Руководясь этими скромными соображениями, я и в мечтаниях никому не объявил войны и не предпринял ни малейшей дипломатической кампании. А следовательно, не одержал ни одной победы и никого не огорошил дипломатическим сюрпризом. Вообще моя мысль не задерживалась ни на армиях, ни на флотах, ни на подрядах и поставках, и даже к представлениям о гражданском мундирном шитье прибегала лишь в тех случаях, когда, по издревле установленным условиям русской жизни, без этого уж ни под каким видом нельзя было обойтись. Ибо мы и благополучны не можем быть без того, чтобы при этом сам собой не возник вопрос: а как же в сем случае поступали господа чиновники? Но тут-то именно и выяснилась полная доброкачественность моих мечтаний. «Что делали господа чиновники?» – спрашивал я сам себя и тут же, после кратковременного «забытья», ответствовал: «Ходили в мундирах – и больше ничего». Этим простым ответом, мне кажется, исчерпывалось все. И идея необходимости чиновников (ибо благополучие на их глазах созидалось, и они благосклонно допустили его), и идея не необходимости чиновников, ибо, говоря по сущей совести, благополучие могло бы совершиться и без них. Впрочем, по скромности моей, я более склонялся на сторону первой идеи. Да и картина выходила совсем особенная, русская. Ходят люди в мундирах, ничего не созидают, не оплодотворяют, а только не препятствуют – а на поверку оказывается, что этим-то именно они и оплодотворяют… * Какое занятие может быть легче и какой удел – слаще?

Но ежели раз воинственные и присоединительные упражнения устранены, то картина благополучия начертывалась уже сама собой. В самом деле, что нужно нашей дорогой родине, чтобы быть вполне счастливой? На мой взгляд, нужно очень немногое, а именно: чтобы мужик русский, говоря стихом Державина, «ел добры щи и пиво пил». * Затем все остальное приложится.

Если это есть – значит, у мужика земля приносит плод сторицею.
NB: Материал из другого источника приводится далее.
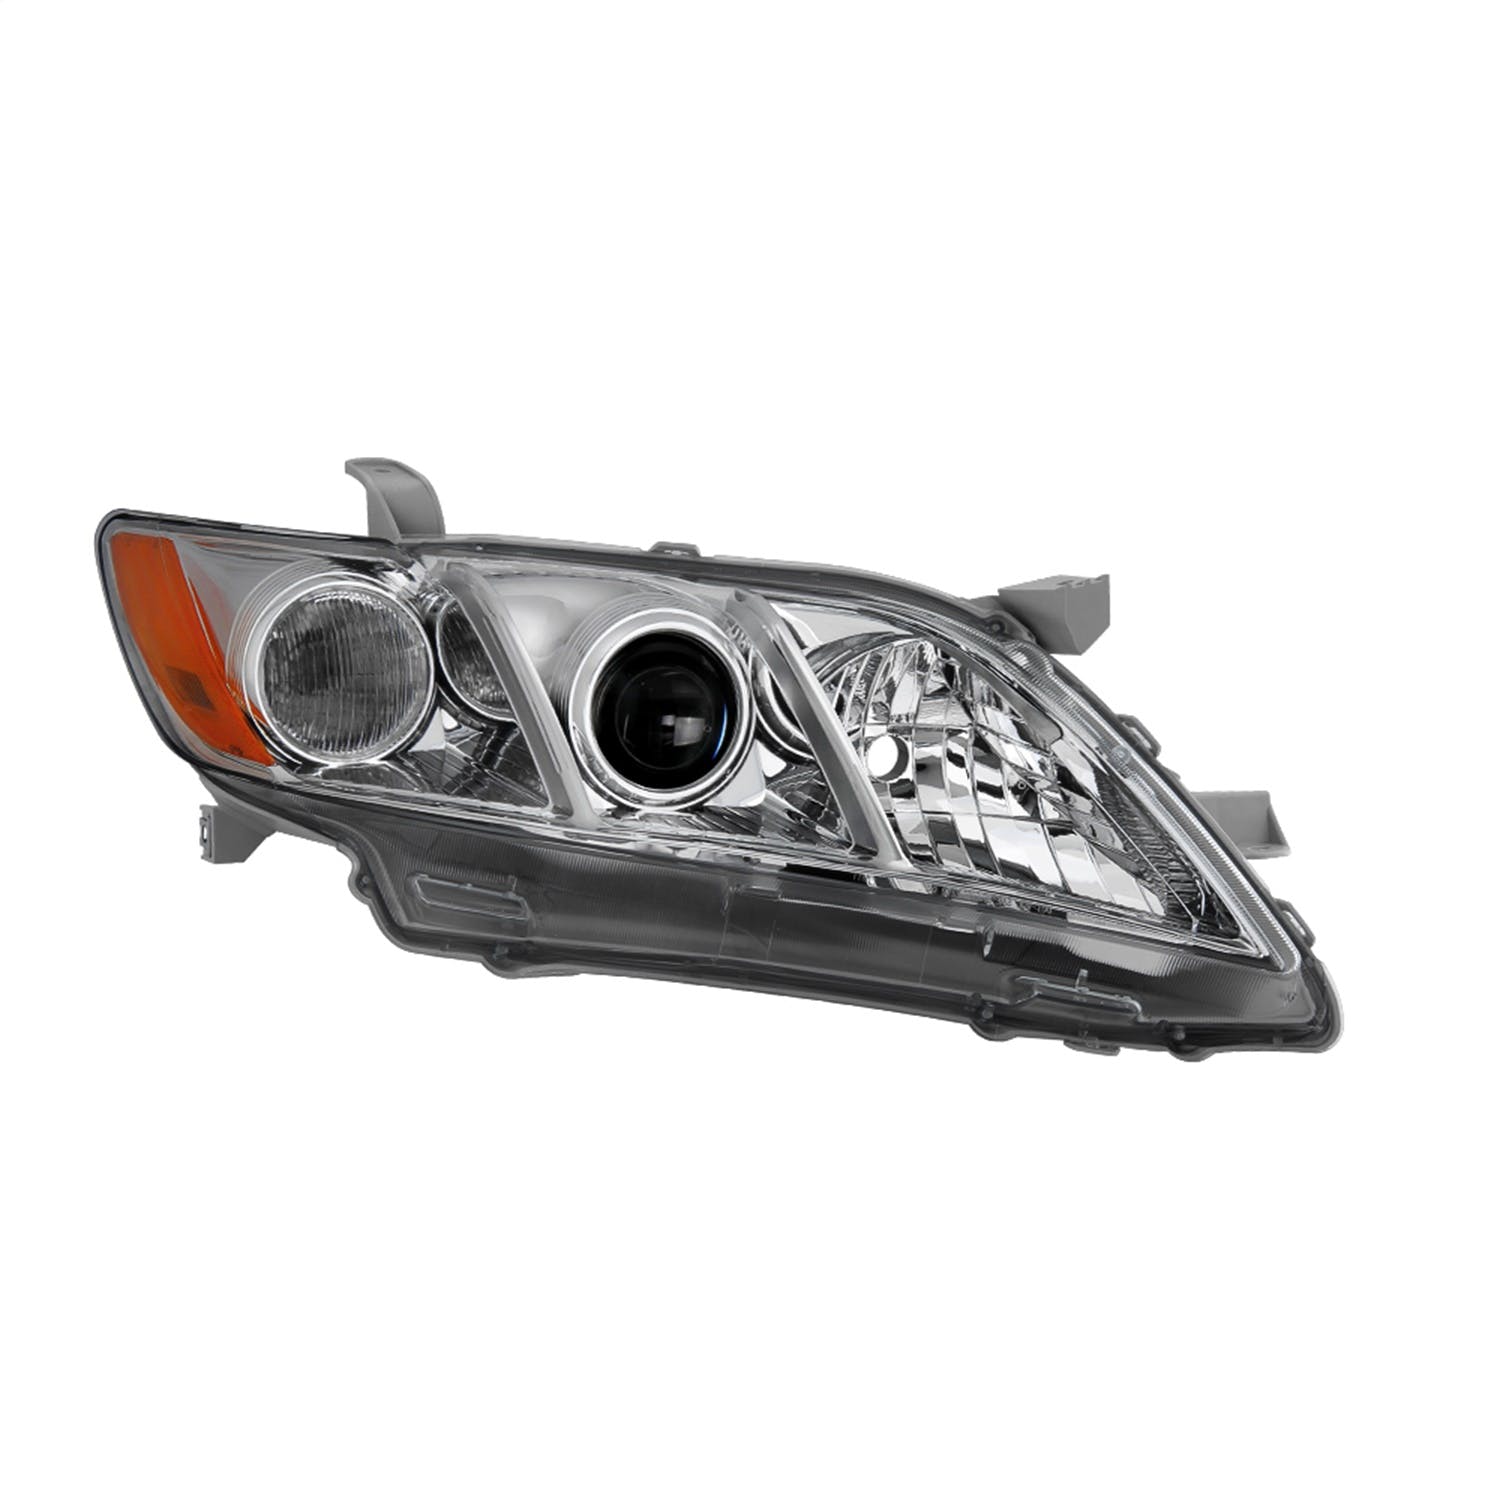 XTUNE POWER 9943218 Toyota Camry 07 09 ( US Built Models Only Not Fit Hybrid ) Passenger Side headlights Low Beam H11(Not Included) ; High Beam HB3(Not Included) ; Signal 3457NA(Not Included) OE Right
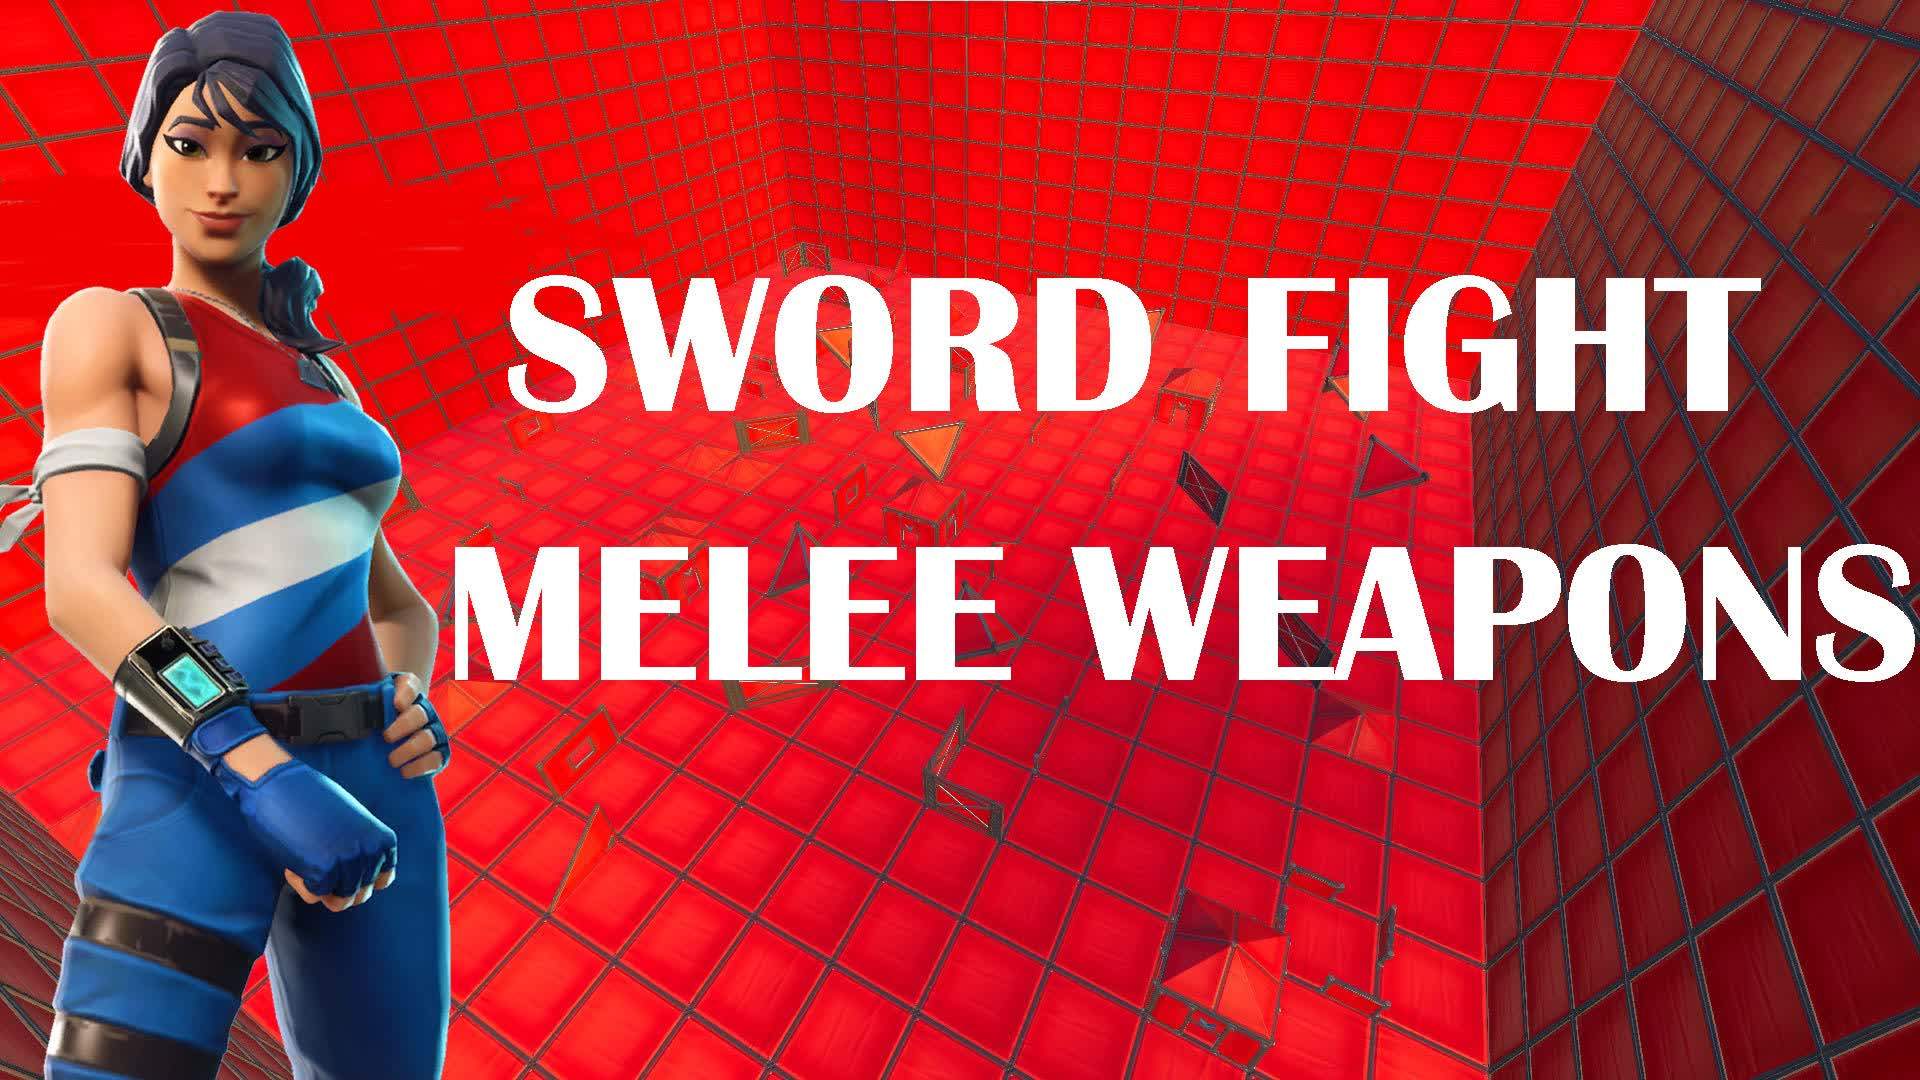 FREE FOR ALL -MELEE WEAPONS -SWORD FIGHT

Если это есть – значит, страна кипит млеком и медом и везде чувствуется благорастворение воздухов и изобилие плодов земных. Если это есть – значит, деревни в изобилии снабжены школами, и мужик воистину познал, что ученье – свет, а неученье – тьма. Если это есть – значит, казна государева ломится под тяжестью сребра и злата, и нет надобности ни в «выбиваниях», ни в экзекуциях для пополнения казенных сборов. Если это есть – значит, в массах господствует трудолюбие, любовь к законности, потребность тихого жития, значит, массы действительно повинуются не токмо за страх, но и за совесть. Если это есть – значит, за границу везутся заправские избытки, а не то, что приходится сбывать во что бы то ни стало, вследствие горькой нужды: вынь да положь.